──────── Data for analysis

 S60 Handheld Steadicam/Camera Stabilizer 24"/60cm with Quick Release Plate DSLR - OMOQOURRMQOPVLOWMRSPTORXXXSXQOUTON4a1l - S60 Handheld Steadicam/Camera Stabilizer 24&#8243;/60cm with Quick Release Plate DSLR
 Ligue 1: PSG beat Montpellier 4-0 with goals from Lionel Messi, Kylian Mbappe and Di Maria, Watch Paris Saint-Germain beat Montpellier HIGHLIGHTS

────────────────
──────── Data for analysis

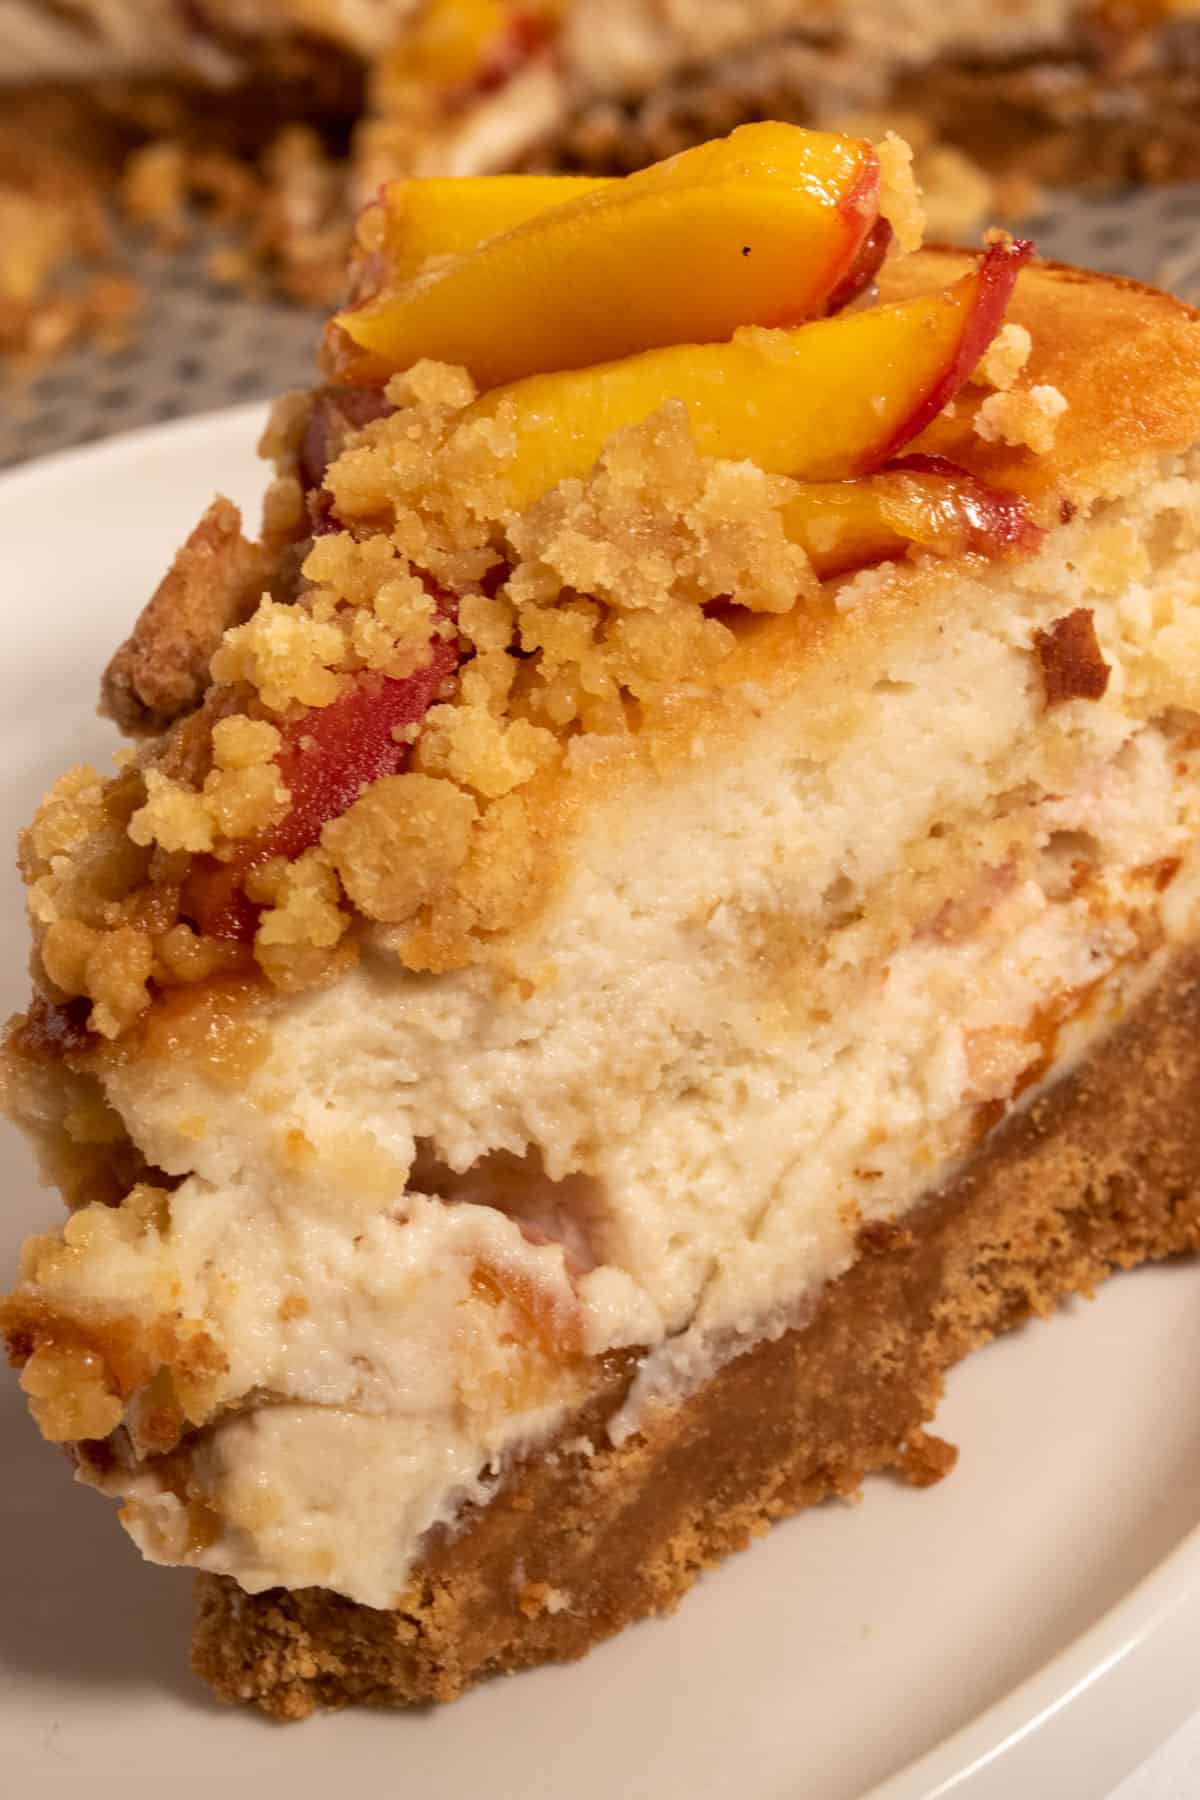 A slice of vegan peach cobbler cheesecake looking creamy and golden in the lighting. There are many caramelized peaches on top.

────────────────
──────── Data for analysis

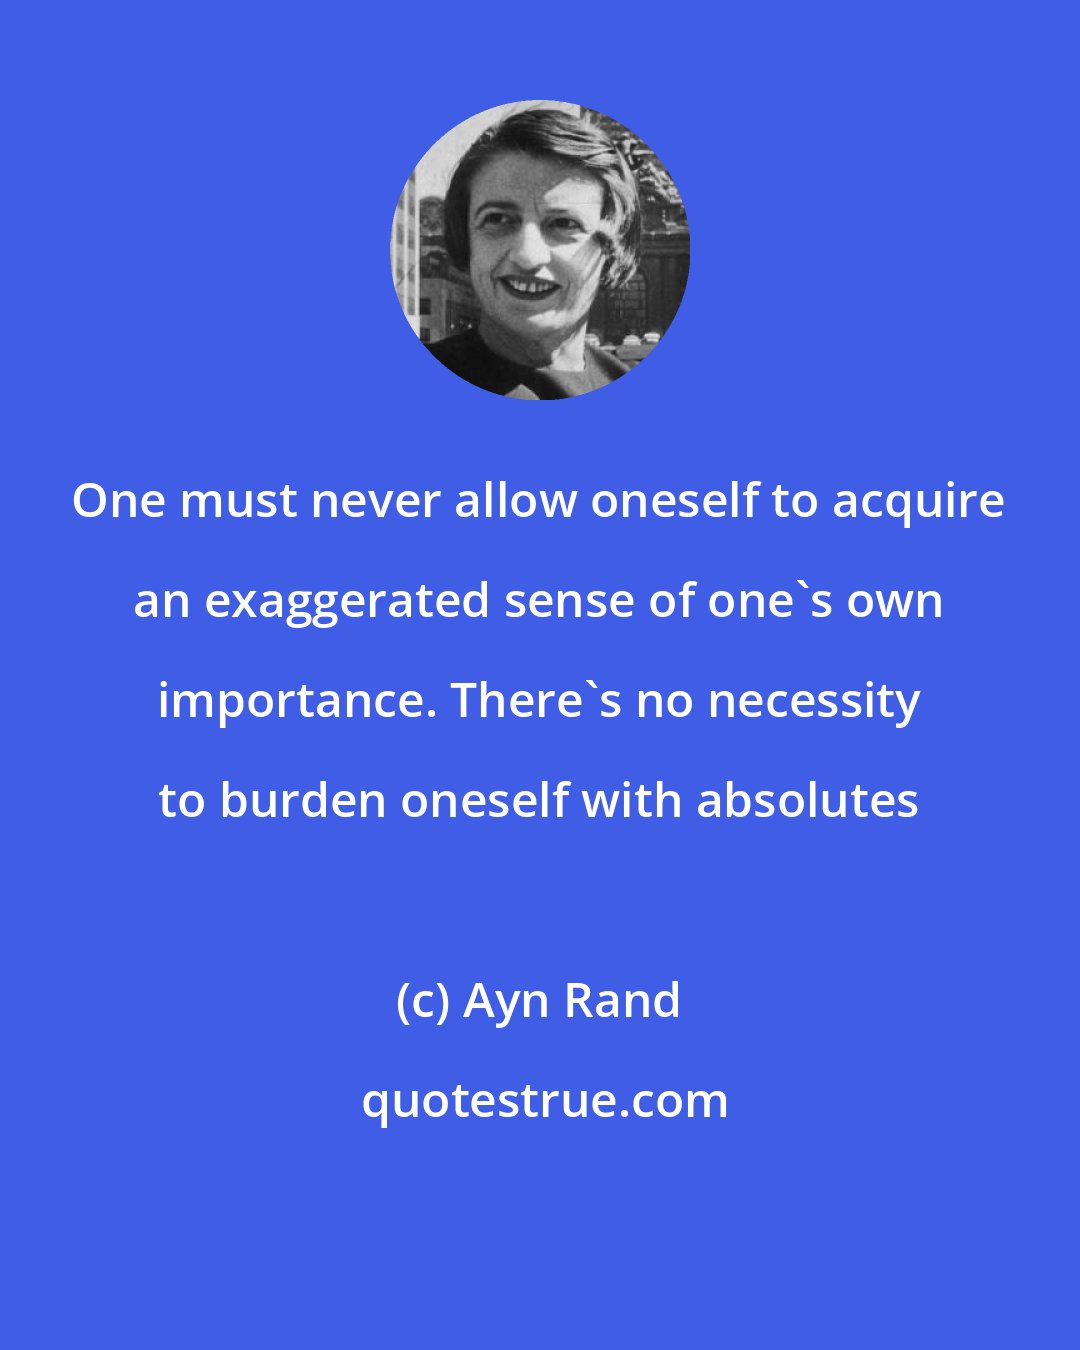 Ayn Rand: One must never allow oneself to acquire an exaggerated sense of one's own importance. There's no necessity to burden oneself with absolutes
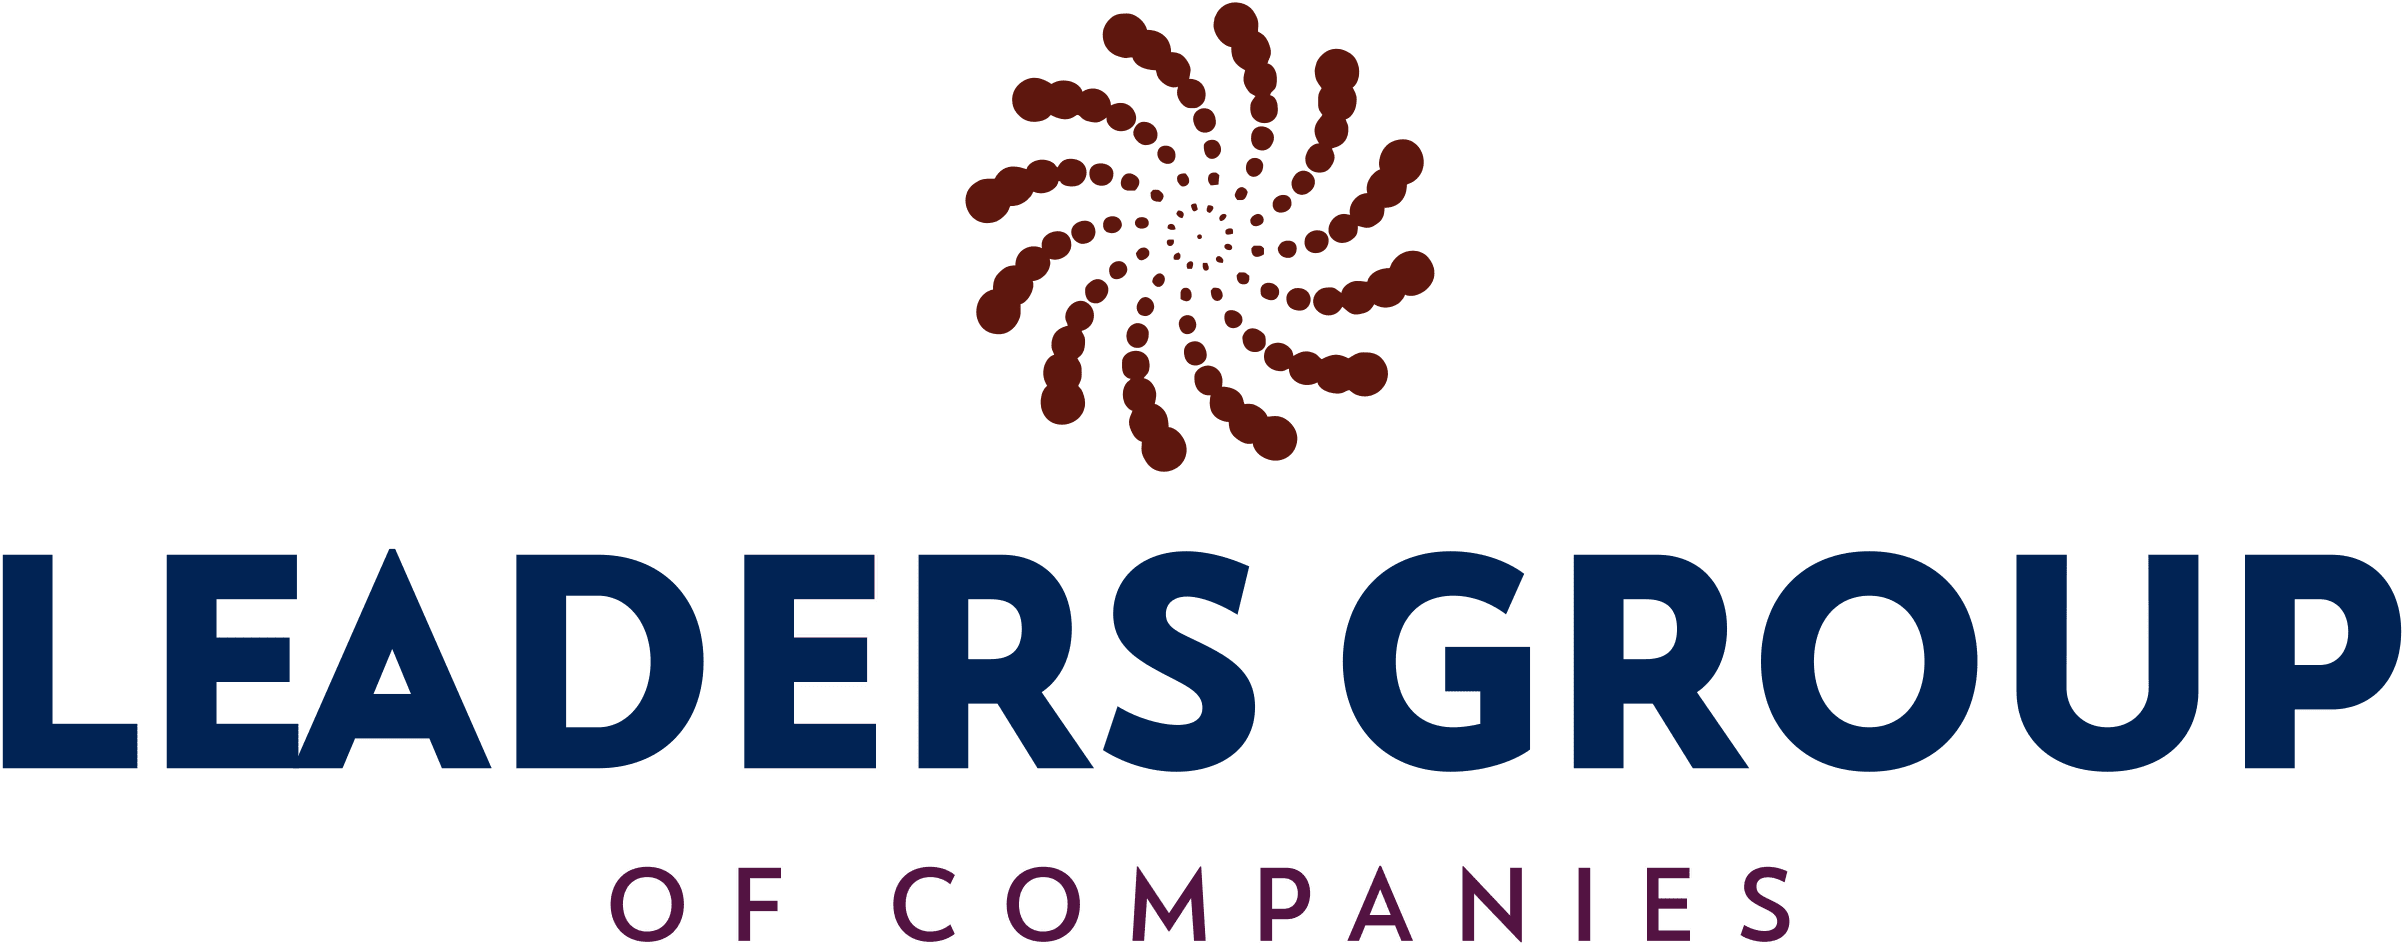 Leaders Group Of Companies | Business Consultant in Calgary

────────────────

→ Exercise brief: Copy the lines above exactly. Start with the line containing "24&#8243;/60cm with Quick Release Plate DSLR", end with the line containing "Ligue 1: PSG", and include both.

→ Written response:
 S60 Handheld Steadicam/Camera Stabilizer 24"/60cm with Quick Release Plate DSLR - OMOQOURRMQOPVLOWMRSPTORXXXSXQOUTON4a1l - S60 Handheld Steadicam/Camera Stabilizer 24&#8243;/60cm with Quick Release Plate DSLR
 Ligue 1: PSG beat Montpellier 4-0 with goals from Lionel Messi, Kylian Mbappe and Di Maria, Watch Paris Saint-Germain beat Montpellier HIGHLIGHTS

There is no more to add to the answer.